The government should instead adopt the Missing Middle Canberra platform of upzoning all RZ1 to RZ2 and RZ2 to RZ3.
Firstly, these enhanced granny flats must pay the full lease variation charge, which is designed with the assumption that any subdivision would result in two full-size houses, making substantial charges appropriate.
In Inner Canberra, the lease variation charge for a variation to two dwellings on a block can range from $150,000-$310,000. The policy is taxing a modest home as if it was a much larger and high-value one, with the tax well above 100 per cent of the windfall gain of rezoning.
Secondly, these enhanced granny flats will require a development application.
This adds significant costs and delays to development, but more importantly it allows disgruntled neighbours to appeal the development in the ACT Civil and Administrative Tribunal.
These matters can take many months and consume hundreds of thousands of dollars of costs.
Standalone houses are usually exempt from the requirement for a development application - but if you build the main house and the granny flat at the same time, both become subject to a development application process and ACAT challenge.
By comparison, a developer who simply puts their money into a large apartment development on Lonsdale Street in Braddon will pay less than a third as much in lease variation charge per unit. And because the town centres are exempt from ACAT appeal, they don't run the risk of litigation from local NIMBYs. It isn't difficult to see which kind of development is more viable.
As a result, the small number of people using this option will do so for personal rather than financial reasons. They will be downsizers looking to stay in their suburb, and potentially to allow family to live on their block. They will be willing to risk fighting their neighbours in court and expensive lease variation charges for this reason.
It's good that people will have the option to build these granny flats, and good we're providing more options for modest sized homes - but we will not solve the housing crisis on the backs of home owners making decisions that don't stack up financially due to planning barriers and badly designed taxes. We expect that this policy will deliver very few new homes, and cannot be relied on to drive housing supply.
Even if both of these problems were resolved, in no world would these reforms have been sufficient to meet Canberra's housing needs.

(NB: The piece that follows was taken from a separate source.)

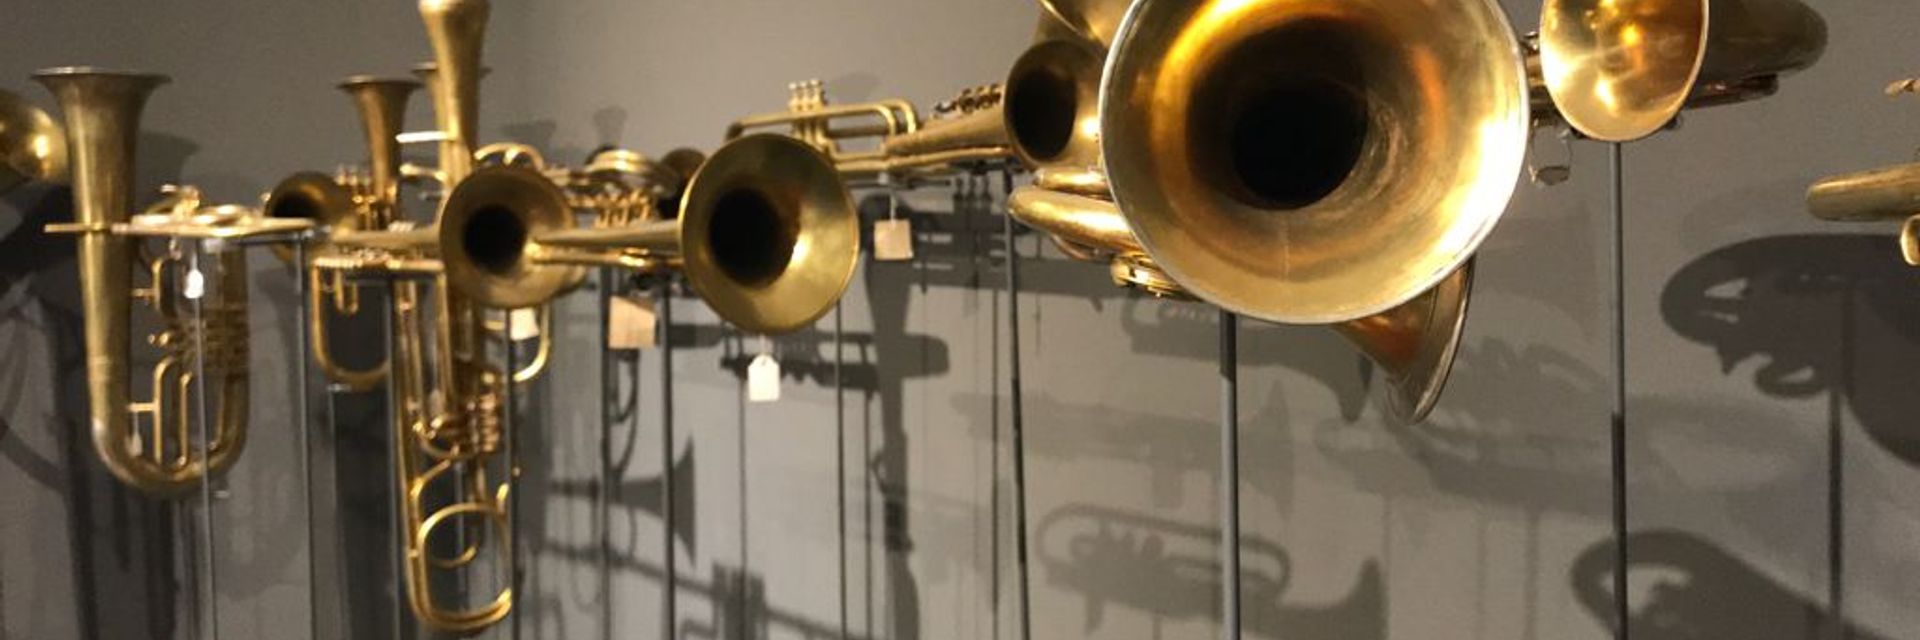 Museo Nacional de Instrumentos Musicales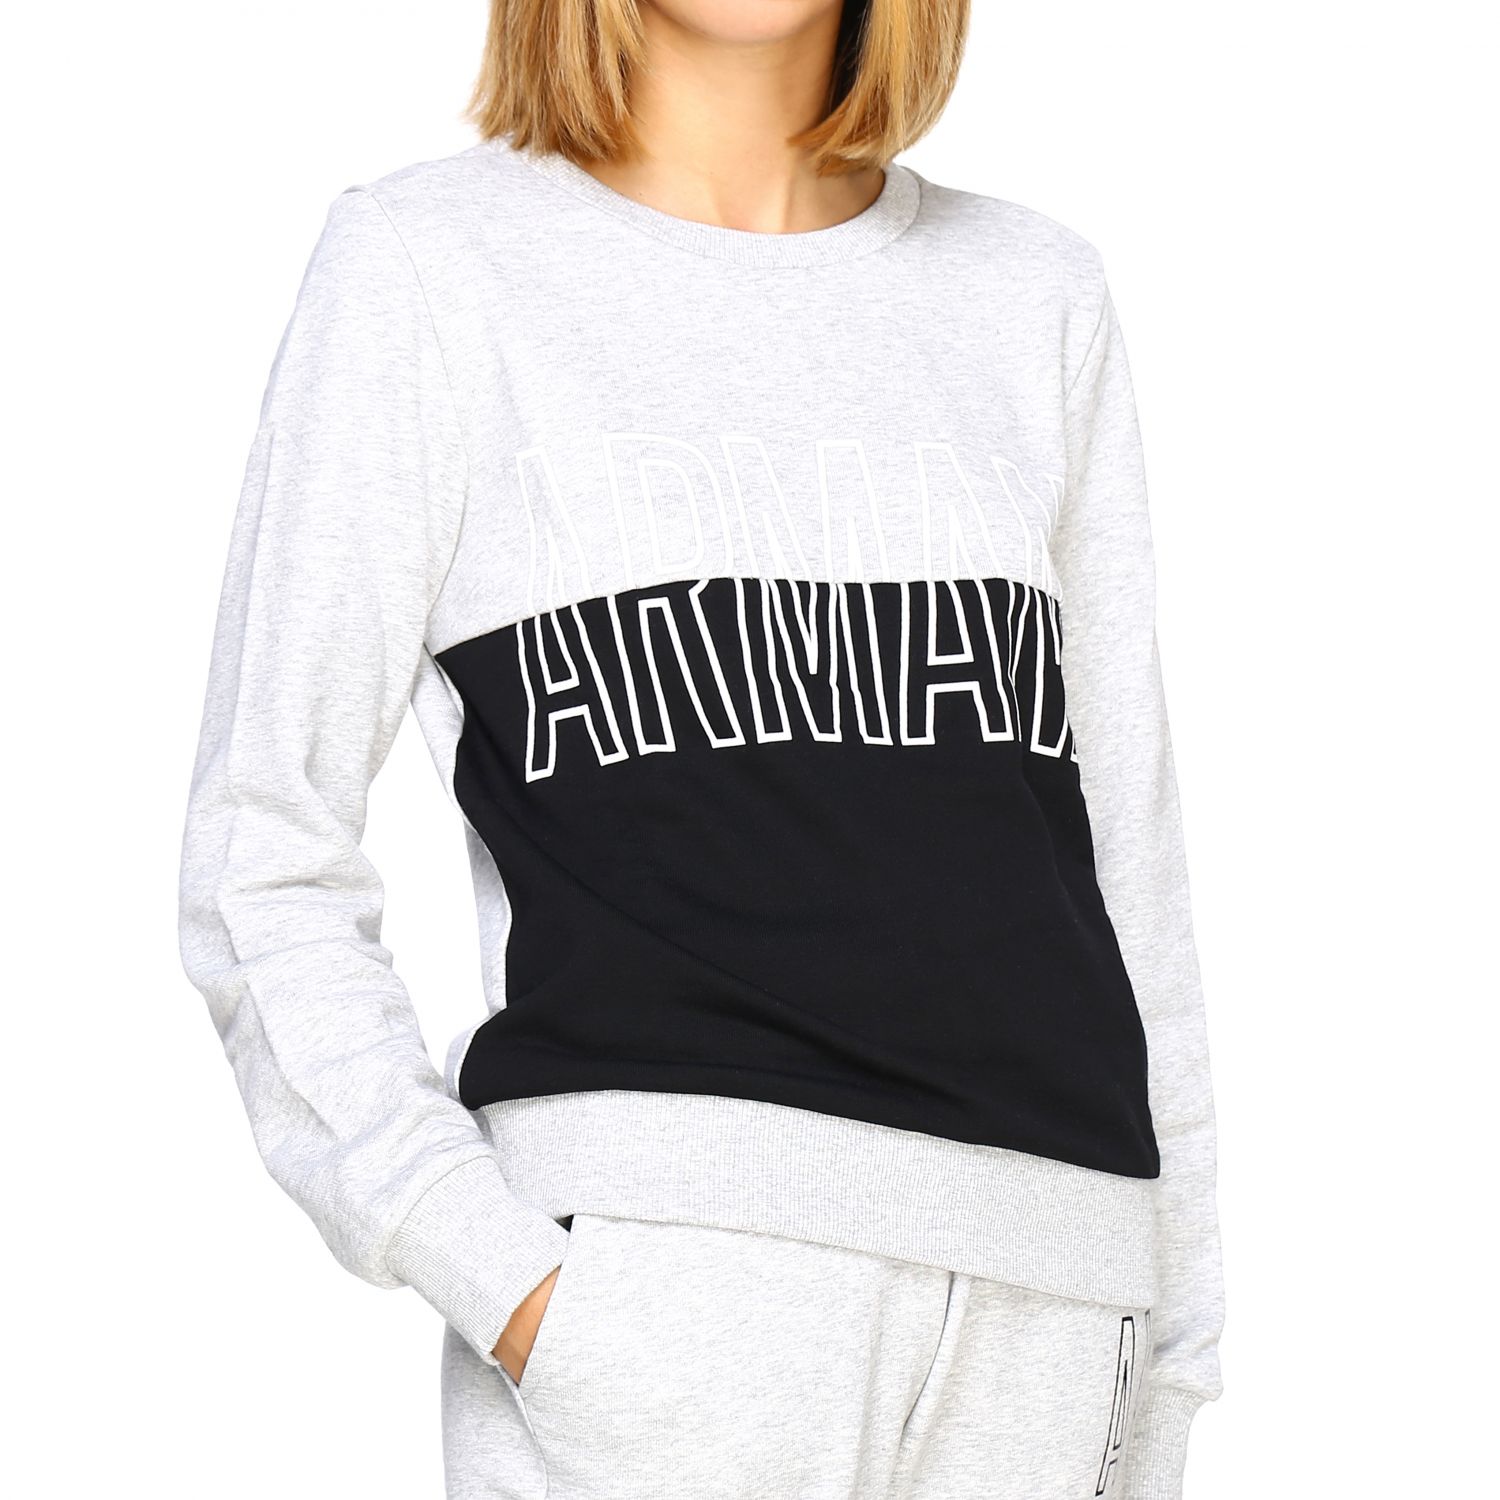 Armani Exchange Outlet: Sweater women | Sweatshirt Armani Exchange ...

Canberra is Australia's fastest growing city, and we have collectively chosen to limit further suburban sprawl.
That means that the vast majority of Canberra's future homes will need to occur in existing urban areas. This Territory Plan puts off the question of how that will happen to another day.
The results of this decision are clear: constrained housing supply, more greenfield expansion and suburban sprawl, higher rents and displacement, and longer commutes with greater transport emissions.
There is another path. The Missing Middle Canberra coalition called for a much more substantial and effective platform of RZ1 reform.
By upzoning all of RZ1 to RZ2, and all of RZ2 to RZ3, allowing block amalgamation in RZ1 areas, and allowing pre-approved, low-impact designs to be exempt from DA processes, we'd create the potential for over 100,000 homes in the ACT, with much fewer obstacles to adoption.
This platform had widespread community support - including from the Conservation Council, Master Builders, the ACT Council of Social Services and local architecture firms. It also had the support of both parties of government, with ACT Labor and the ACT Greens separately adopting it into their official policies.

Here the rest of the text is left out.